Qual a estrutura do departamento médico do clube?

Na equipa principal temos dois fisioterapeutas: o Pedro Reis e a Rita Ribeiro. O Pedro está connosco desde início da época, a Rita já acompanha a equipa profissional há 5 anos. O preparador físico também faz um pouco parte do nosso departamento, com o Sérgio Mourato monitorizamos conjuntamente os return to practice e to play dos atletas e gerimos situações de maior fadiga quando detetadas. A partilha de informação entre departamentos é feita sem formalidades, mas de forma eficaz. Trabalhamos com uma empresa de nutrição, com quem articulamos questões de suplementação mediante cronograma da semana, refeições, vigilância da hidratação e da composição corporal do plantel. Mantemos contacto remoto constante, sendo que mensalmente eu e o Diogo Ferreira sentamo-nos a fazer um apanhado geral de questões pertinentes dos atletas.

Causa-lhe algum constrangimento no balneário o facto de ser mulher?

O espaço de balneário é o espaço do jogador e seja homem ou mulher deve ser respeitado como tal. Quando é necessário ir a esse espaço, antes de entrar garanto que o posso fazer sem constrangimentos para ambas as partes.

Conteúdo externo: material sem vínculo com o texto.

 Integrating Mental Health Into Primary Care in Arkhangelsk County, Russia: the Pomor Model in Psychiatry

Em dias de jogo organizamos uma área de trabalho, mais separada, tanto para mim como para a nossa fisioterapeuta, a fim de realizar os tratamentos necessários e, de resto, a logística não é muito diferente nem condicionada.

Existem algumas regras pré-definidas ou tudo funciona sem qualquer limitação?

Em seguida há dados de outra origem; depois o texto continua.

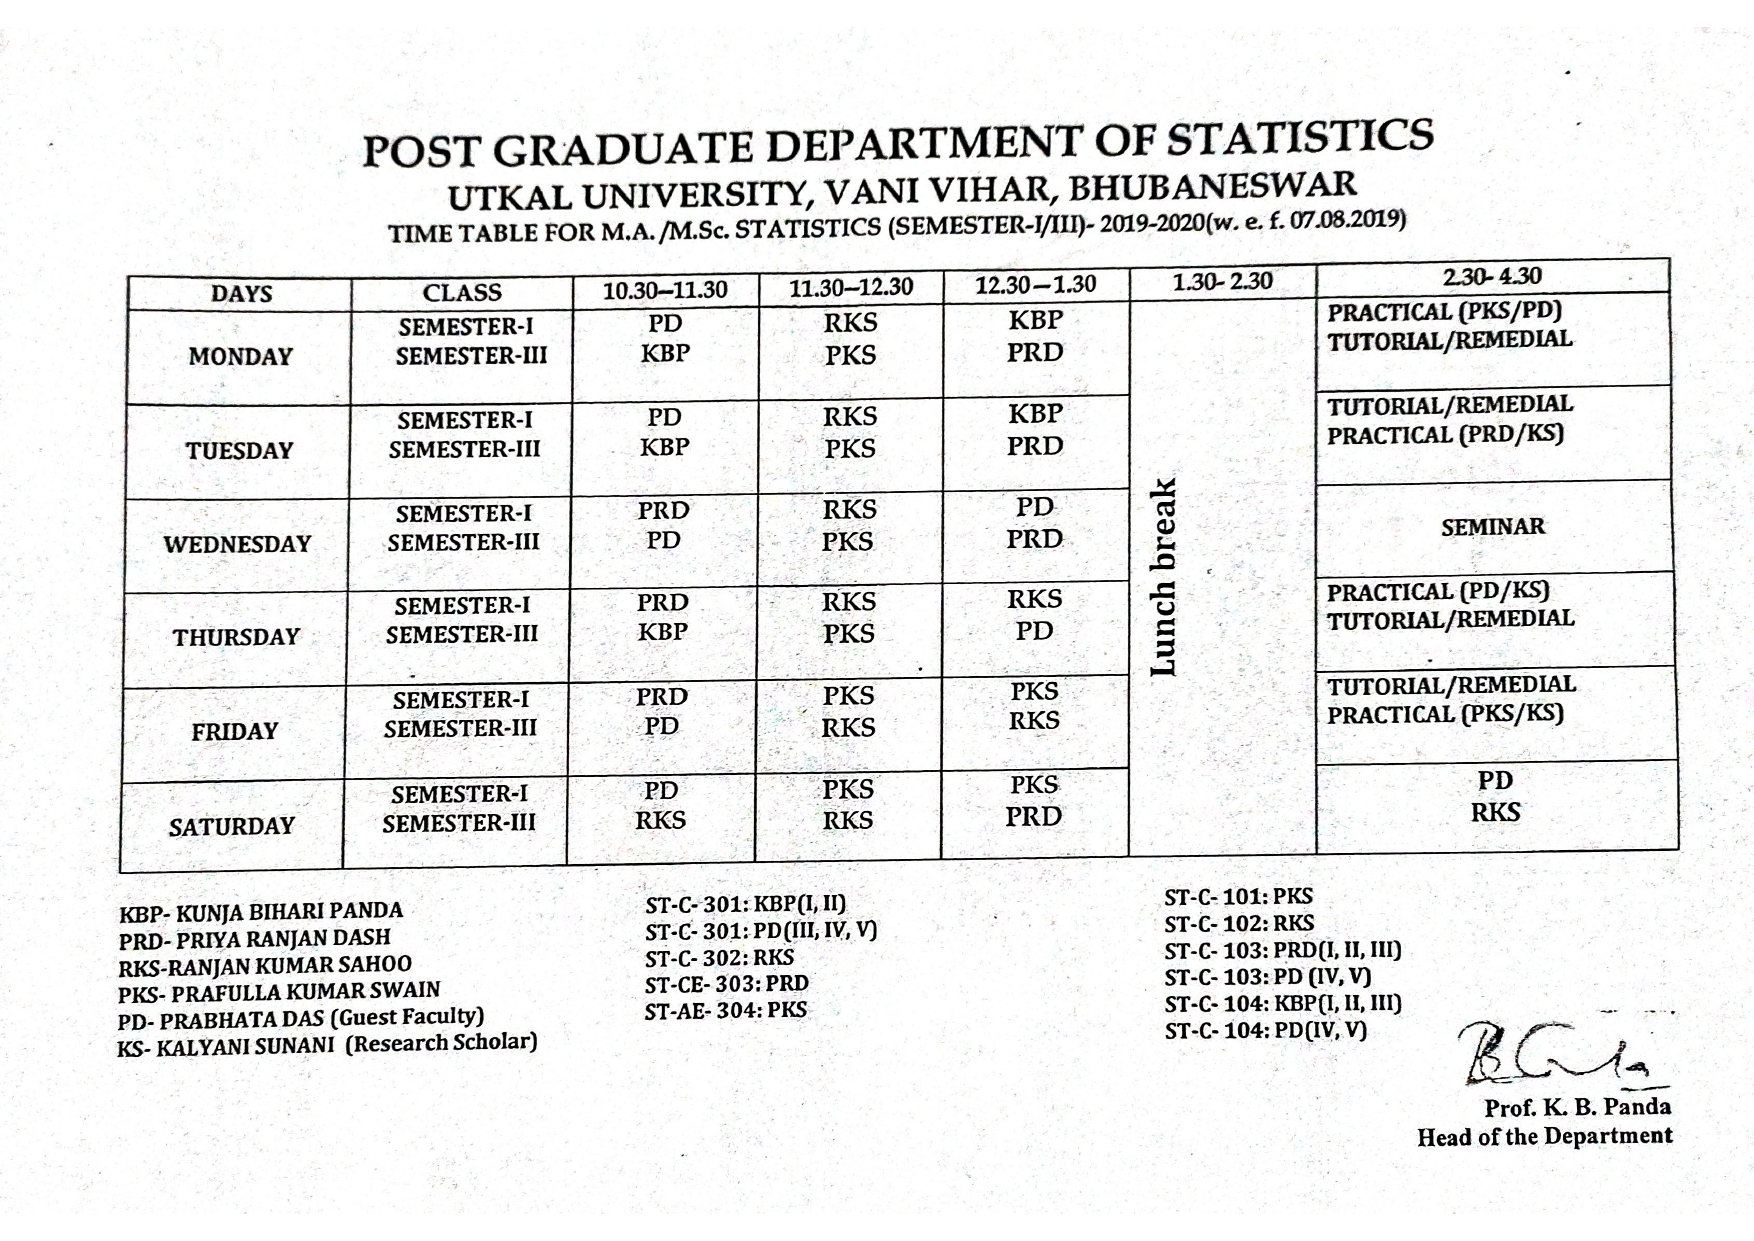 Time Table for M.A. M.Sc 1st & 3rd Sem 2019-20

Em todos os departamentos há regras bem definidas e consequências para o seu incumprimento. No CD Mafra não é diferente. Trabalhar mediante princípios definidos, regras, comunicação clara e com a verdade é fundamental, seja no futebol amador, profissional, feminino, masculino, no hospital, onde for. Não acredito que isso seja influenciado por se trabalhar num meio de homens ou de mulheres, isso são os princípios individuais e o rigor de trabalho de cada um.

Qual tem sido a aceitação por parte dos jogadores e a relação com os treinadores?

No início não foi uma transição fácil e há naturalmente sempre histórias engraçadas decorrentes da necessidade de impor uma posição como médica e como mulher. Atualmente já não sinto nada disso, quem vai para o clube sabe quem lá trabalha e, acima de tudo, sabe o respeito que tenho pelo trabalho deles, pela comunicação aberta e sem papas na língua. Quanto às equipas técnicas nunca senti qualquer desconfiança ou dificuldade na interação. Claro que nem sempre concordamos em todos os assuntos, mas nem na discórdia o género importa. Não sei se lhes faz diferença eu ser mulher ou não, mas, se faz, nunca o demonstraram e sempre me senti respeitada.

Aconselha outras colegas a aceitarem o convite para uma EMFP?

Claro! Se têm gosto, formação e pretendem seguir essa carreira devem enviar currículos, procurar estágios, formações, etc. Acho também que se deve dar oportunidades a todos de forma igual por parte de quem contrata, sem medos ou receios. Haja oportunidades que certamente haverá muito mais mulheres no futebol profissional e a fomentar a qualidade dos departamentos.